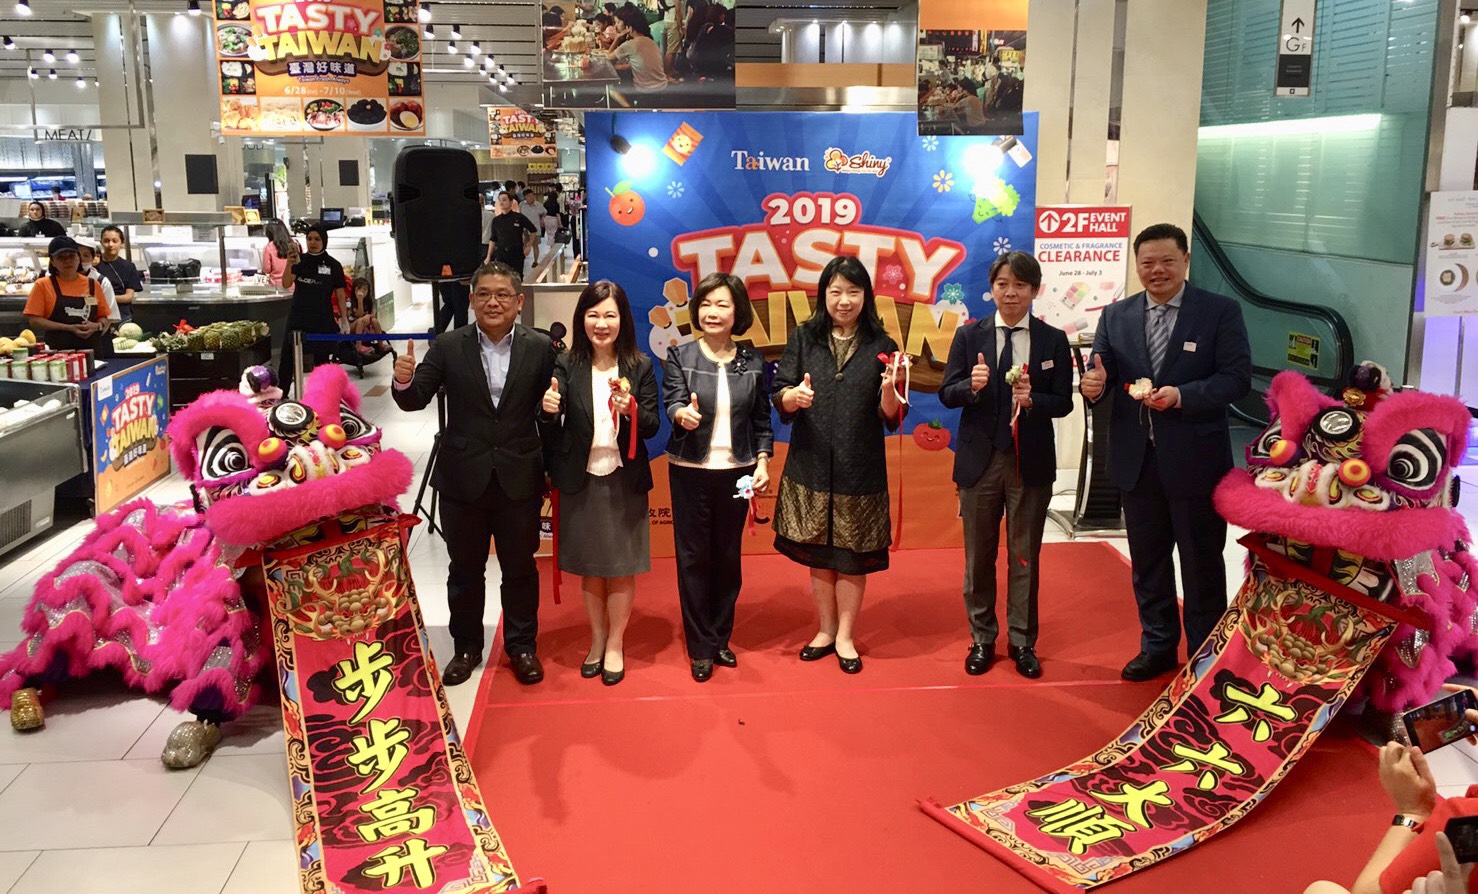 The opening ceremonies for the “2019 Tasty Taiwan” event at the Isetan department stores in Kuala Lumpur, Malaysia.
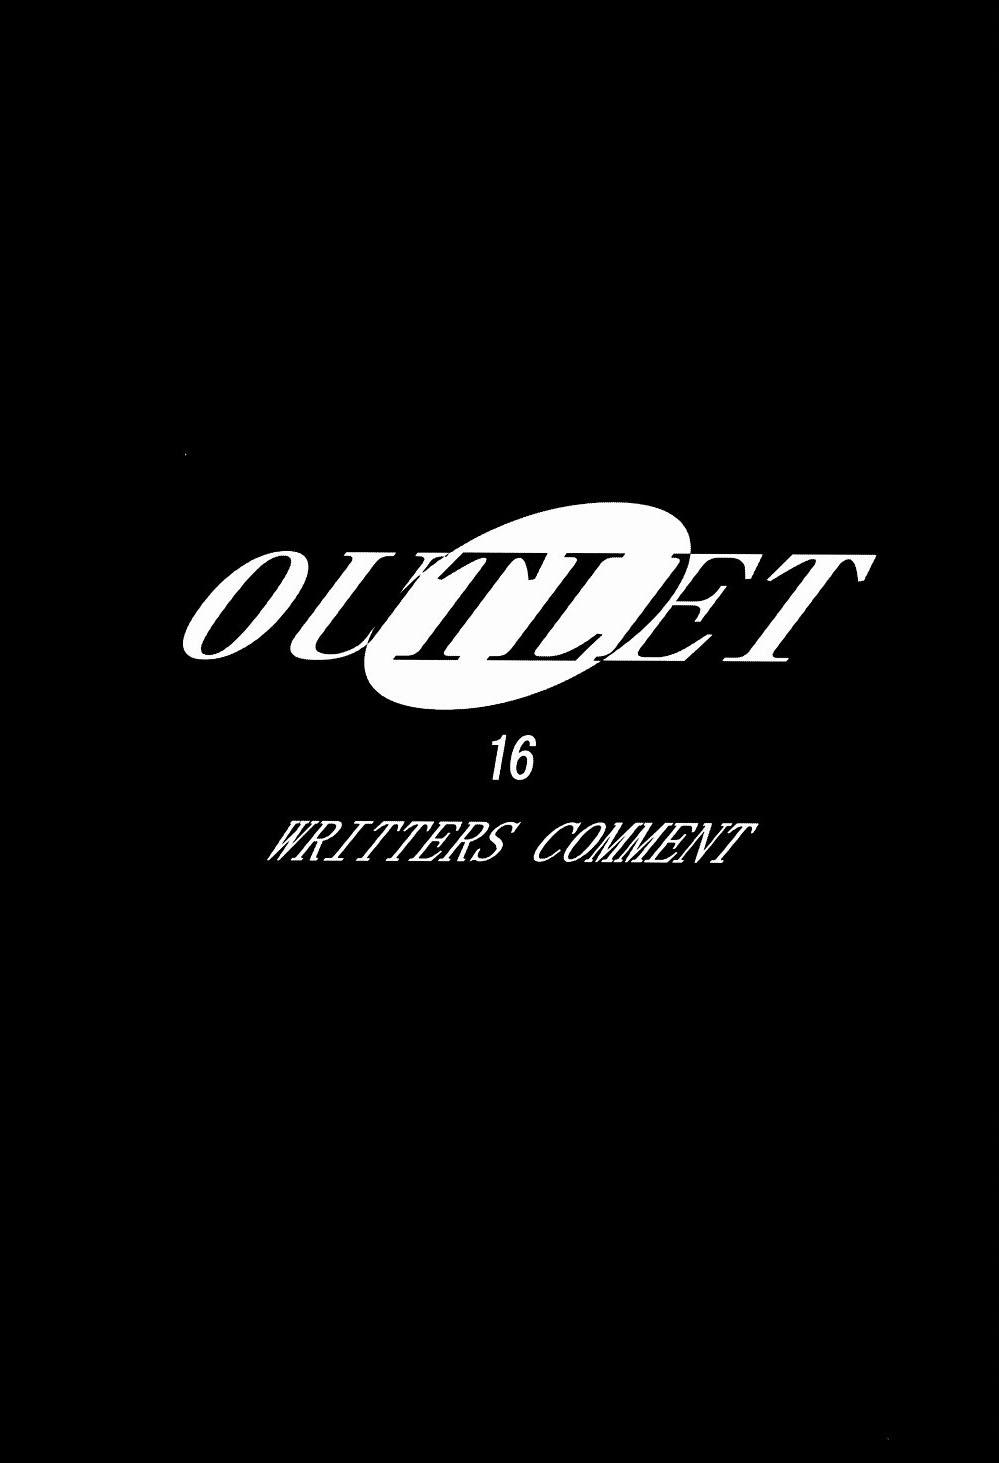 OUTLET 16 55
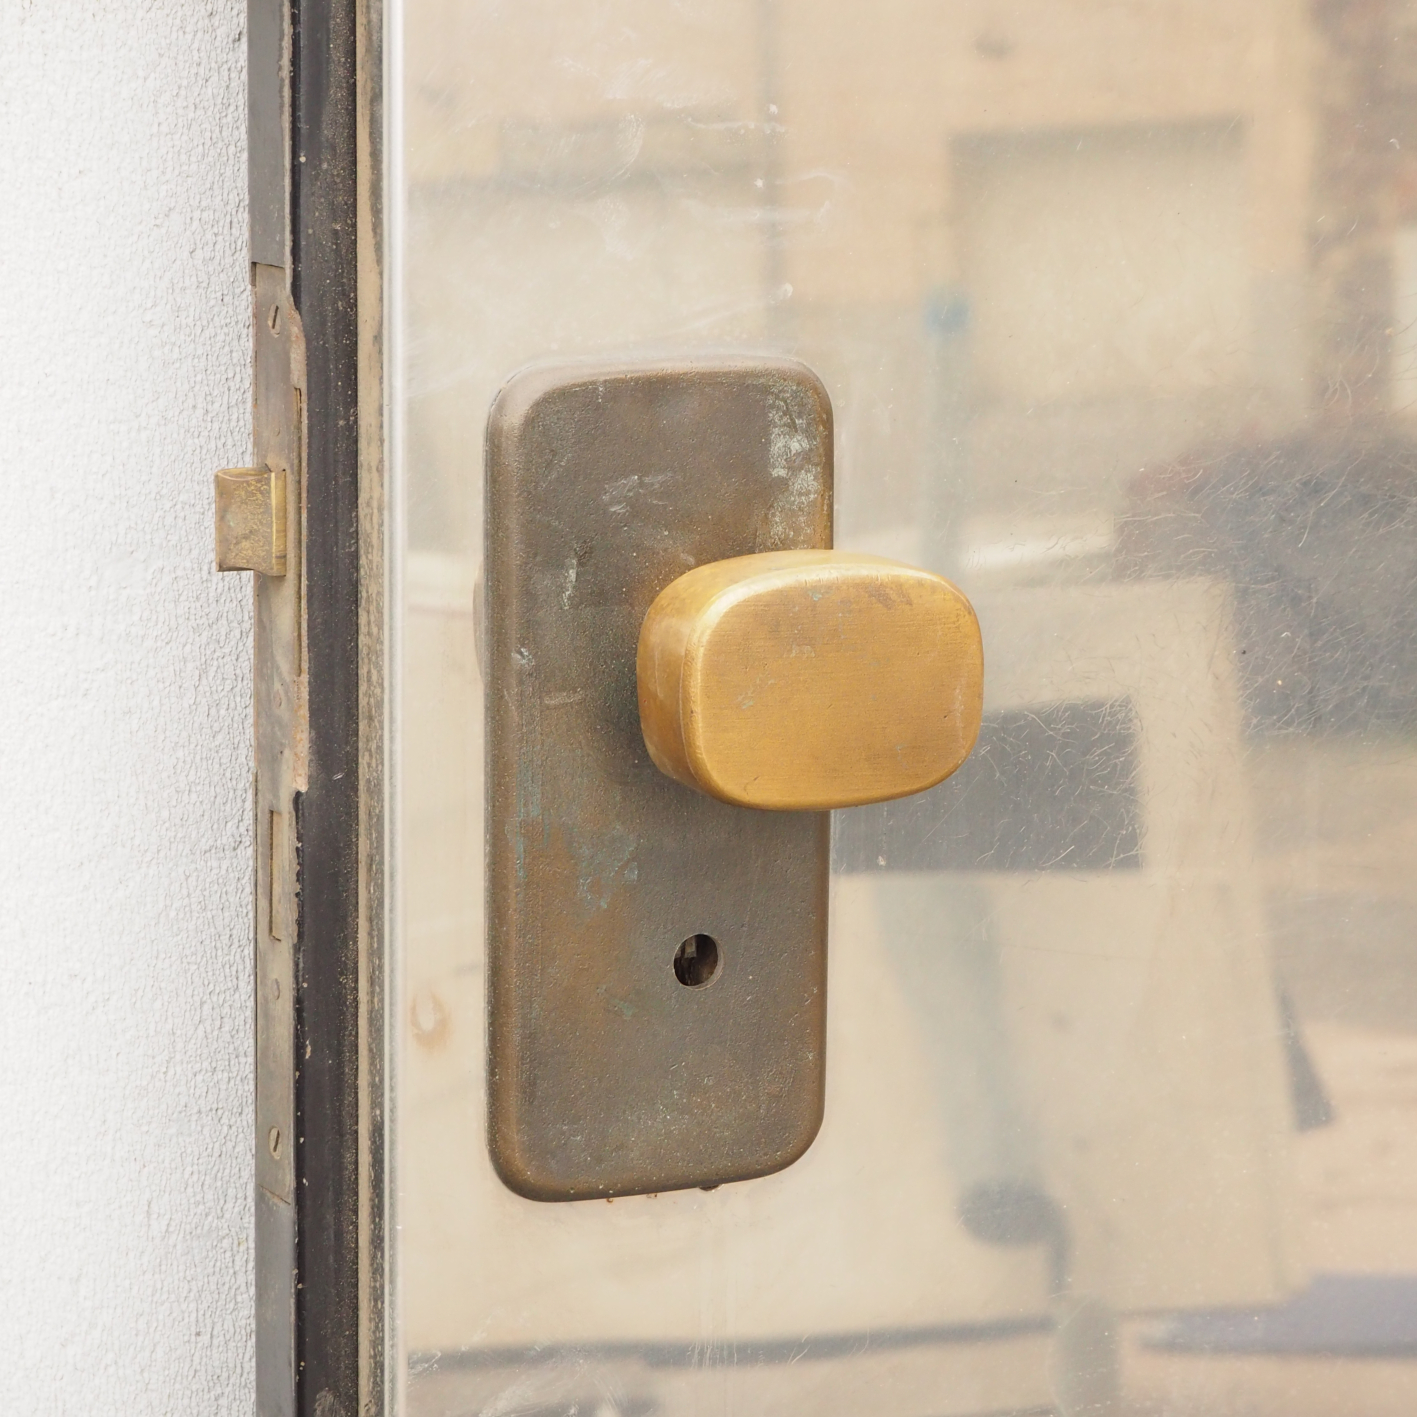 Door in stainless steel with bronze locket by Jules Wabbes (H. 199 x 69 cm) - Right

• _Your instructions_
Set down the whole listing exactly as given, except for the pictures.

• _Expected answer_
 The opening ceremonies for the “2019 Tasty Taiwan” event at the Isetan department stores in Kuala Lumpur, Malaysia.
 OUTLET 16 55
 Door in stainless steel with bronze locket by Jules Wabbes (H. 199 x 69 cm) - Right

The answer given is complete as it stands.